I'm after a means of deep cloning an object graph in a perfomant way. I'm going to have multiple threads cloning a graph extremely quickly such that they can play with some state and throw away the results if they're not interesting, returning to the original to try again.
I'm currently using a deep clone via binary serialization, which although it works, isn't amazingly fast. I've seen other libraries like protobuf, but the classes in my object graph may be defined in external assemblies, inheriting from classes in the main assembly and don't wish to add any complexity in those consuming assemblies if possible.
One of the interesting things I did come across was cloning using automatically generated IL. It seems it's not quite finished and I've posted to see if the author has done any more on it, but I'm guessing not. Has anyone else developed or seen a more fully functional way of deep cloning via IL? Or another method that is going to be fast?
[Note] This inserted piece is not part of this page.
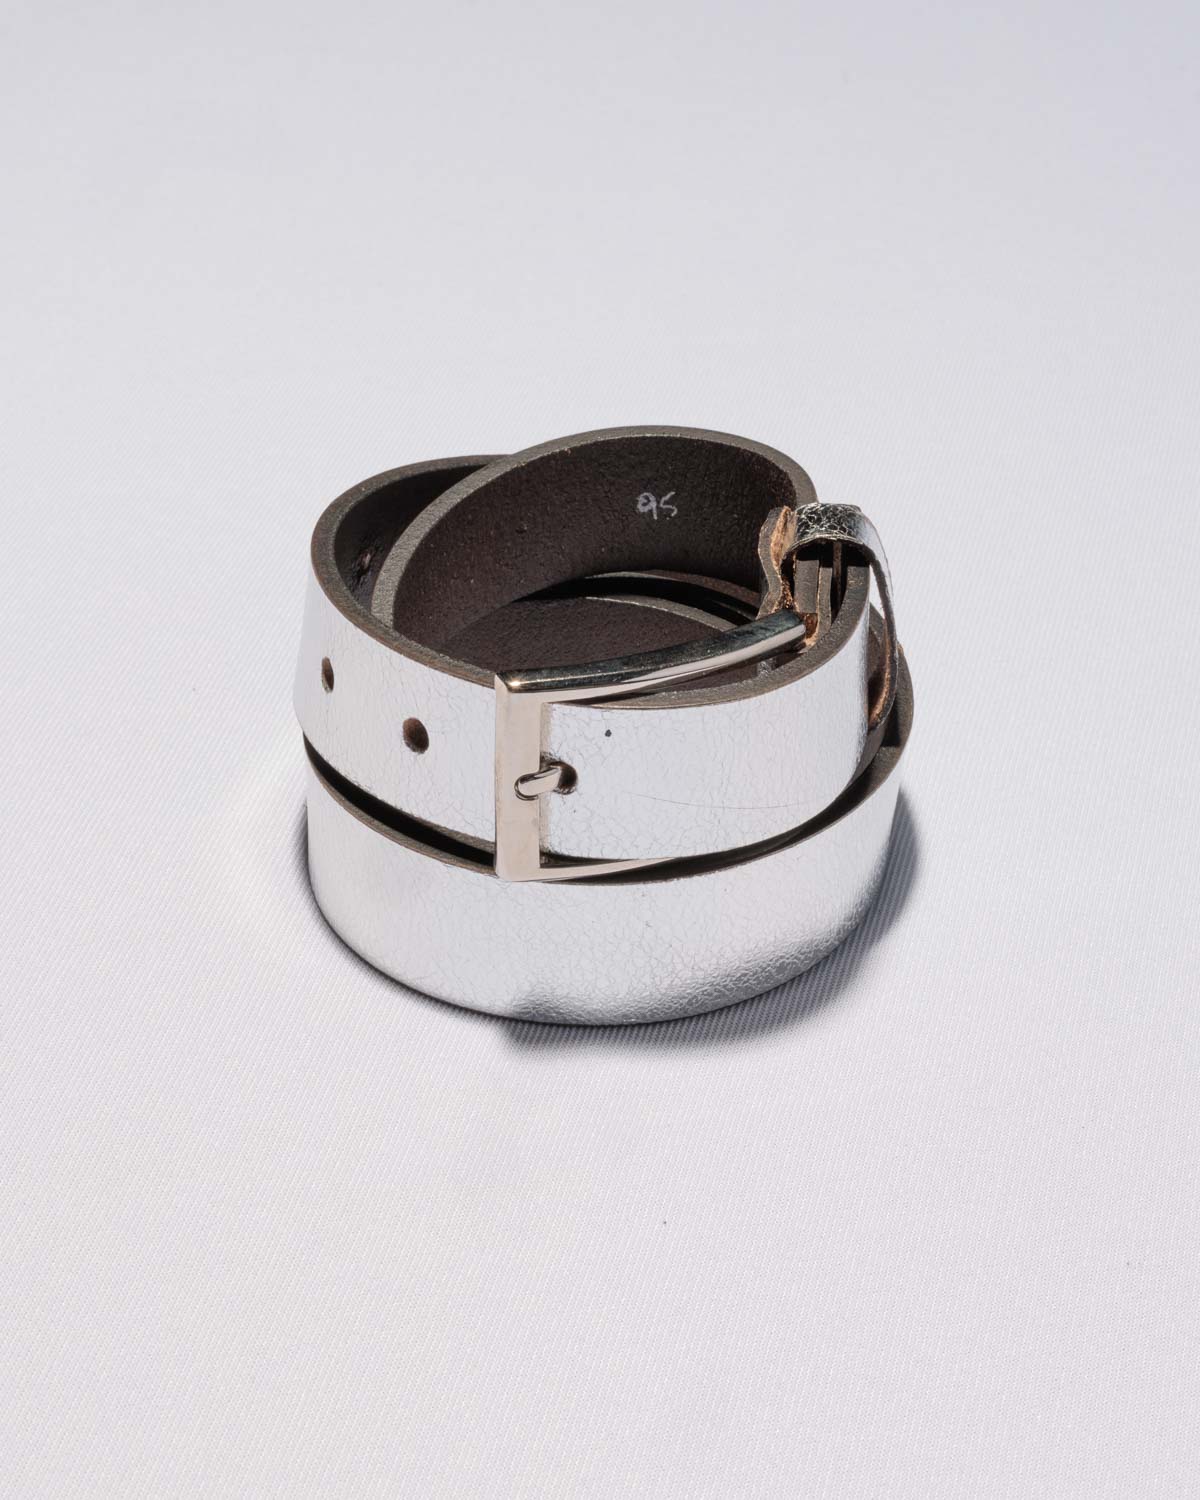 Hydestyle London Leather Belt in Metallic Silver

Other than serialisation, I only consider three options:
We have some instances of code where we control the binary serialisation so that we can serialise an interned GUID table (we have lots of repeating GUIDs and serialise very large lists over .NET Remoting). It works well for us and we haven't needed a third party serialisation framework, however, it's hand-crafted stuff with a little code-gen.
The CSLA.NET framework features a class called UndoableBase
that uses reflection to serialise a Hashtable
of property/field values. Used for allowing rollbacks on objects in memory. This might fit with your "returning to original to try again" sentence.
Personally I'd look further into a reflection-based (preferably with emitted IL for better performance) solution, this then allows you to take advantage of class/member attributes for control over the cloning process. If performance is king, this may not cut it.